The Health Service Executive has fallen spectacularly short of its target of cutting agency staff costs by 50% this year, as the actual spend is set to top the €219m spent in 2011.
Failure to reduce the “unaffordable reliance” on agency staff, as outlined in the HSE’s 2012 National Service Plan, adds further pressure to a health service running a €399m deficit and in need of a supplementary budget. The average monthly cost of agency staff to September this year was €18.3m.
Yesterday, former junior health minister Róisín Shortall said it made “no sense” to encourage an exodus from the health service under an incentivised early retirement scheme if posts then had to be filled with agency staff.
More than 3,500 staff left the health service earlier this year under the incentivised scheme.

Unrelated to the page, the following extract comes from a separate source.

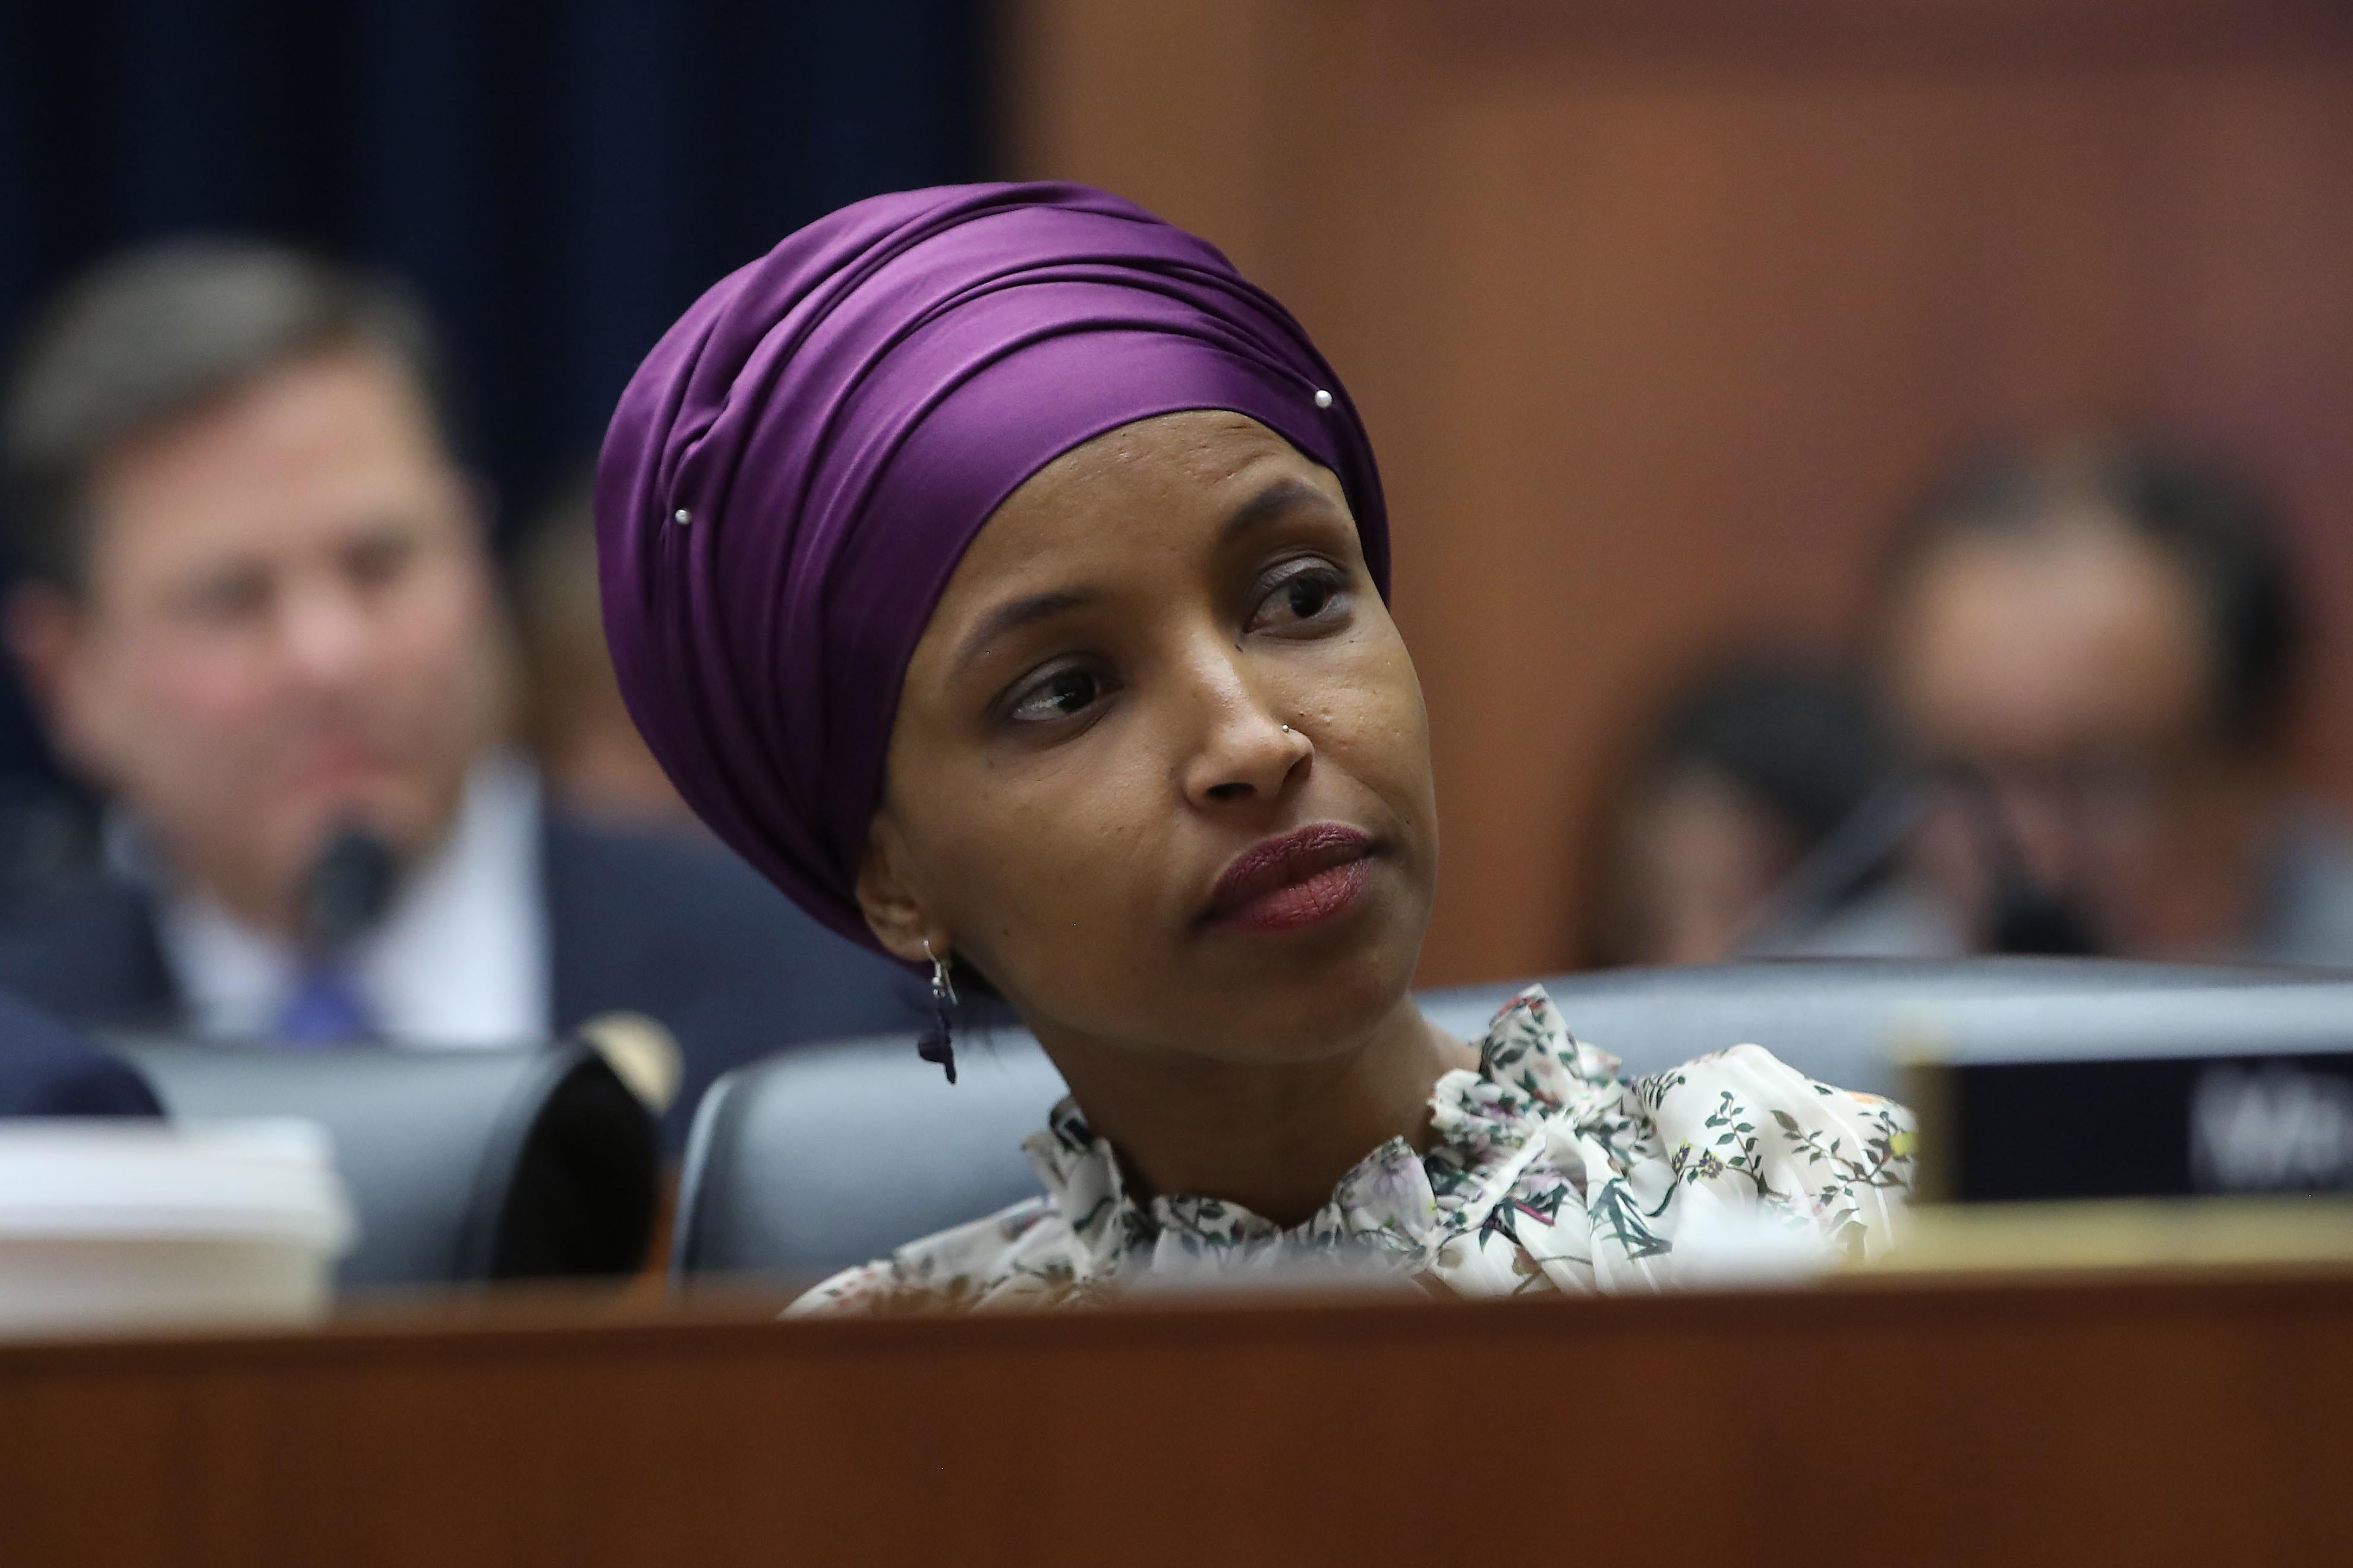 Rep. Ilhan Omar (D-MN) participates in a House Education and Labor Committee Markup on the H.R. 582 Raise The Wage Act, in the Rayburn House Office Building on March 6, 2019 in Washington, D.C.

“It is much more expensive to bring in agency staff,” said Ms Shortall.
“The idea of letting several thousand people go in the exit package and then continuing to spend large amounts on agency staff makes no sense. The Programme for Government commits to a lower-cost model for healthcare. The model used at the moment is the most expensive.”
The HSE has forecast spending €220m on agency staff this year, more than double what it intended, and flying in the face of the 50% reduction it described as “critical” in 2012.
Agency spend was highest on nurses. The estimate to the end of the year is €87.6m on nursing staff, €54m on care assistants and porters, €43.9m on doctors, €24.8m on paramedics, and €9m on central support.
Deputy secretary general of the Irish Nurses and Midwives Organisation, Dave Hughes, said agency nurses cost, on average, 33% more than permanent staff, including substantial Vat and commission paid out.
However, the ban on recruiting permanent staff meant agency staff were being used to fill vacancies because the demand was there, said Mr Hughes.
He also said the transposition into Irish law of the Temporary Agency Work Directive last year had cost implications. Under the directive, agency staff have equal pay rights with regular workers.
The HSE said controls had been introduced in an effort to make savings, including “tight management and scrutiny of all types of leave and cover supported by more effective rostering arrangements” and considering all possible staffing prior to the use of agency staff.